Given a boost by Lear, traders said, other automotive names were firmer, with General Motors Corp.'s benchmark 8 3/8% notes due 2033 half a point better at 88.75 bid, and Ford Motor Co.'s 7.45% notes due 2031 a quarter point up at 77.5.

Delphi's bonds continued their recent climb, which has been fueled by buyout speculation about the company after Ripplewood Holdings was reported readying a bid, as well as signs Delphi may be able to reach a consensual agreement with GM and the UAW on cutting the bloated labor cost structure it inherited when the carmaker spun its parts unit off in 1999. Such an accord would avert a potentially ruinous strike which could result if the bankrupt company tries to unilaterally impose a new wage and benefit accord on its hourly workers.

A market source saw Delphi's 6.55% notes that were to have been redeemed earlier this year firm to 104, a 1½ point rise, while its 6½% notes due 2009 were 1¼ point up at 103.25. Delphi's 7 1/8% notes due 2029 firmed to 94.5 from 92.875.

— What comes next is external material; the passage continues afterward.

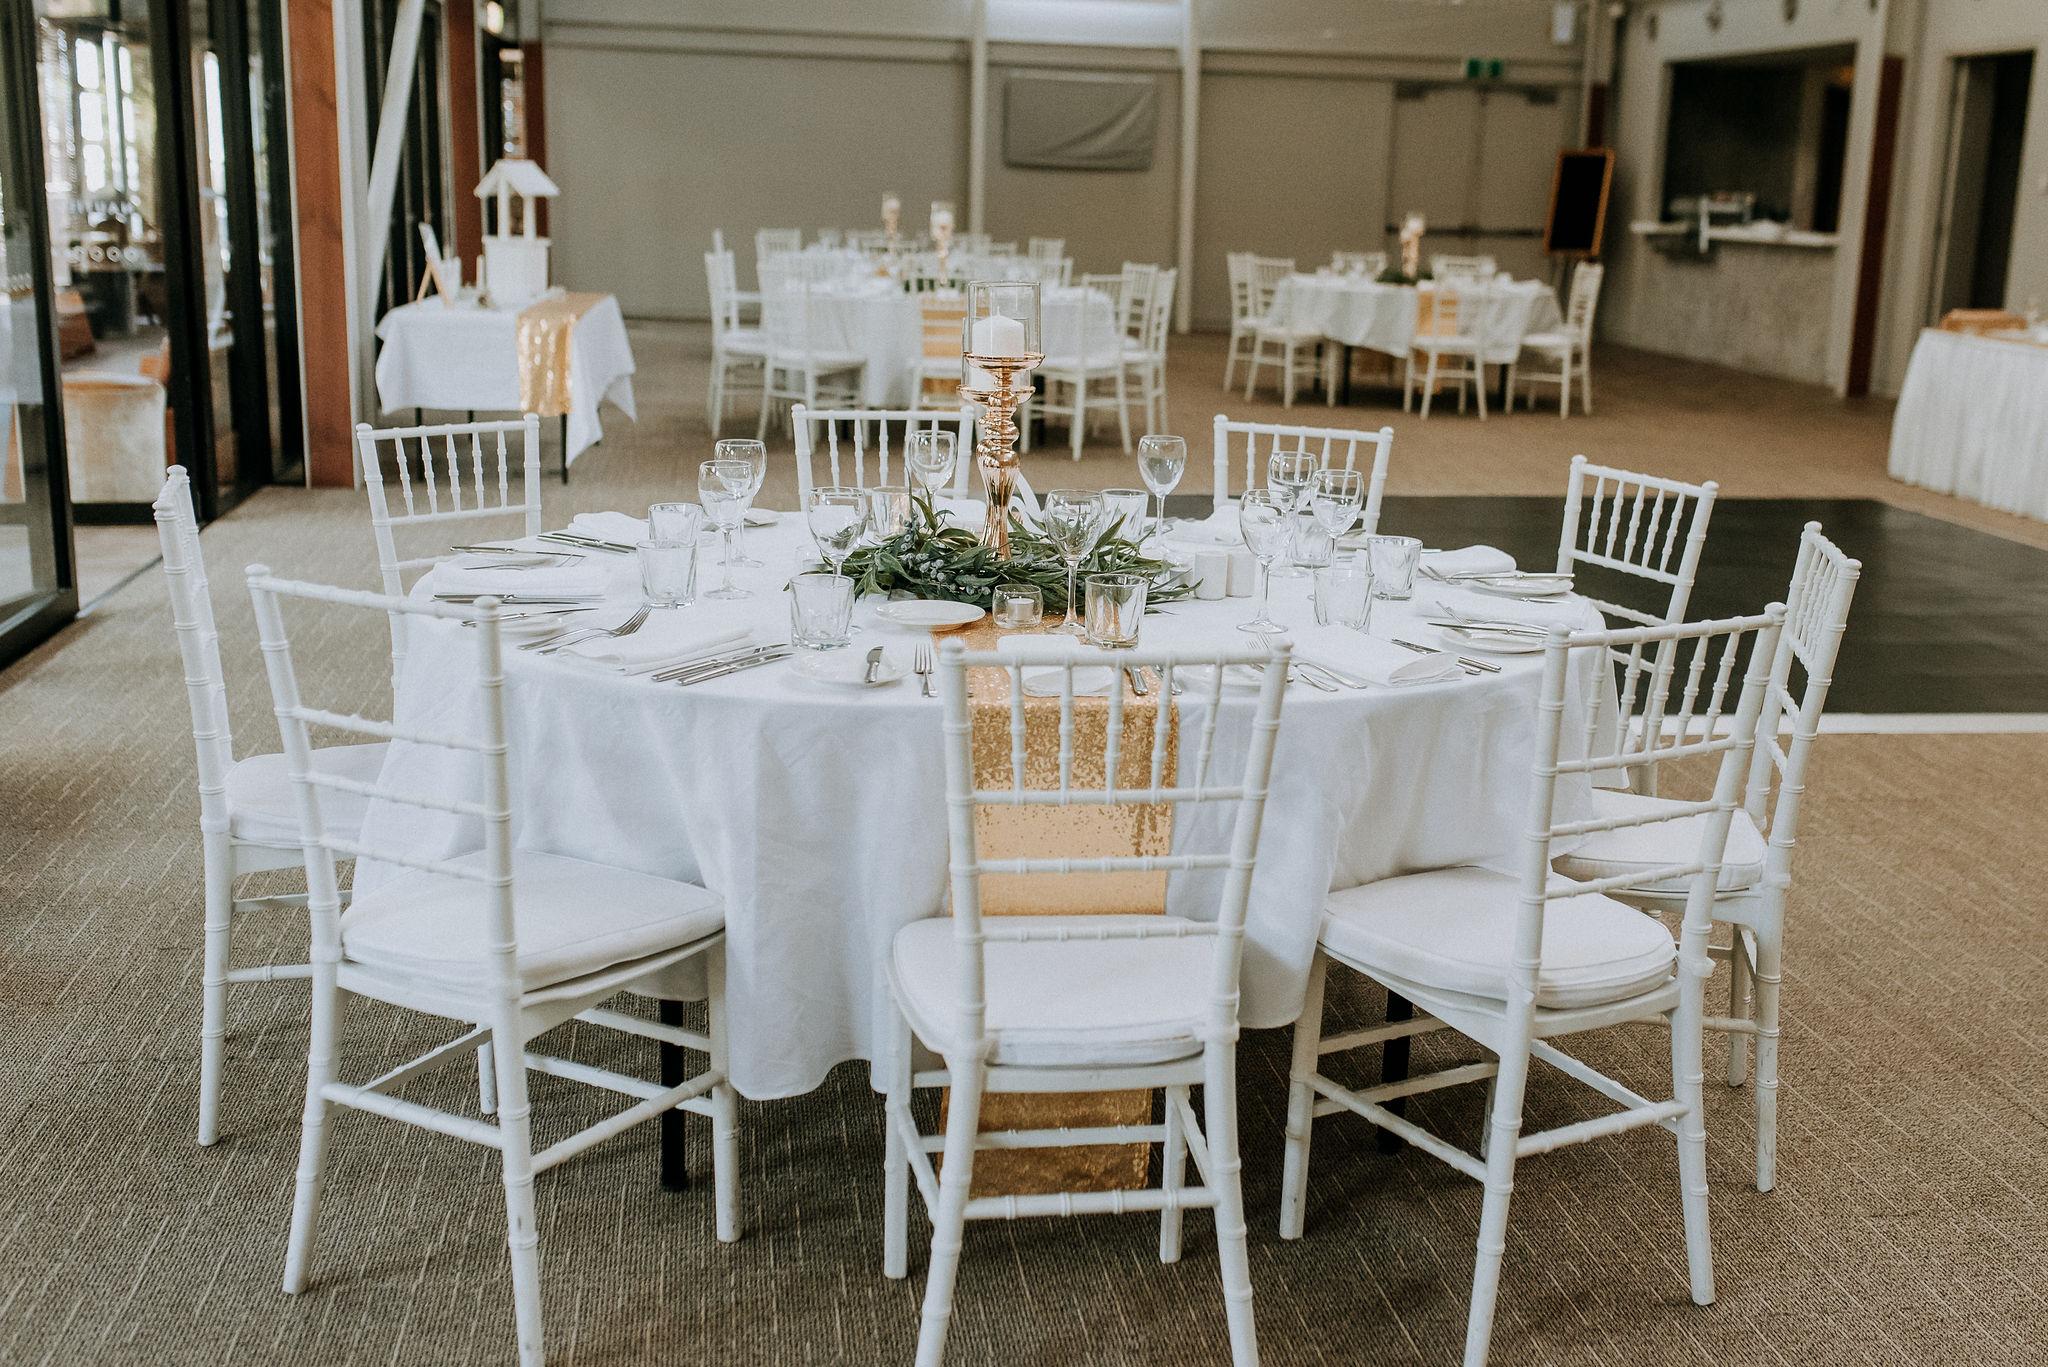 CAVES-BEACH-HOTEL-WEDDING-PATTEN-151.jpg

MagnaChip bounces wildly around

While Lear got a boost from its earnings data, MagnaChip Semiconductor was swinging violently from down as much as 5 points, back up to up 2 or 3 after it posted results.

A trader saw the company's 8% notes due 2014 plunge to 47 bid, 48 offered after the results were released, a loss of about 4 or 5 points, he said,

But then, "after a conference call on which they indicated that they had sufficient cash and gave their forecasts for the quarter," the bonds moved back up, to 54.5 bid, 55.5 offered, which he called a gain of about 4 points on the session.

The Korean high-tech firm had a net loss for the fiscal quarter ended Oct. 1 of $47.7 million, sharply wider than $13.2 million in the third quarter of 2005.

Trump active, but little changed

A trader said that Trump Entertainment Resorts' 8½% senior secured notes due 2015 were "one of the most actively traded bonds" during Thursday's session - but at the end of the day, they were seen having ended around the same 97 level at which they had begun.

Those bonds had firmed smartly on Tuesday and again on Wednesday on the news that the company had been holding talks with Las Vegas-based gamer Wynn Resorts about the possible sale of the Trump Plaza gaming resort to Wynn, which wants to build a Boardwalk casino resort on a 12-acre site which includes the Plaza.

The Newark, N.J.-based Star-Ledger newspaper reported that a possible deal might include a parcel of Wynn-owned land in Vegas being swapped to Trump, which is as eager to break into Vegas as Wynn is to get back to Atlantic City, which company founder Steve Wynn had abandoned nearly 20 years ago, piqued at official red tape from state gaming authorities.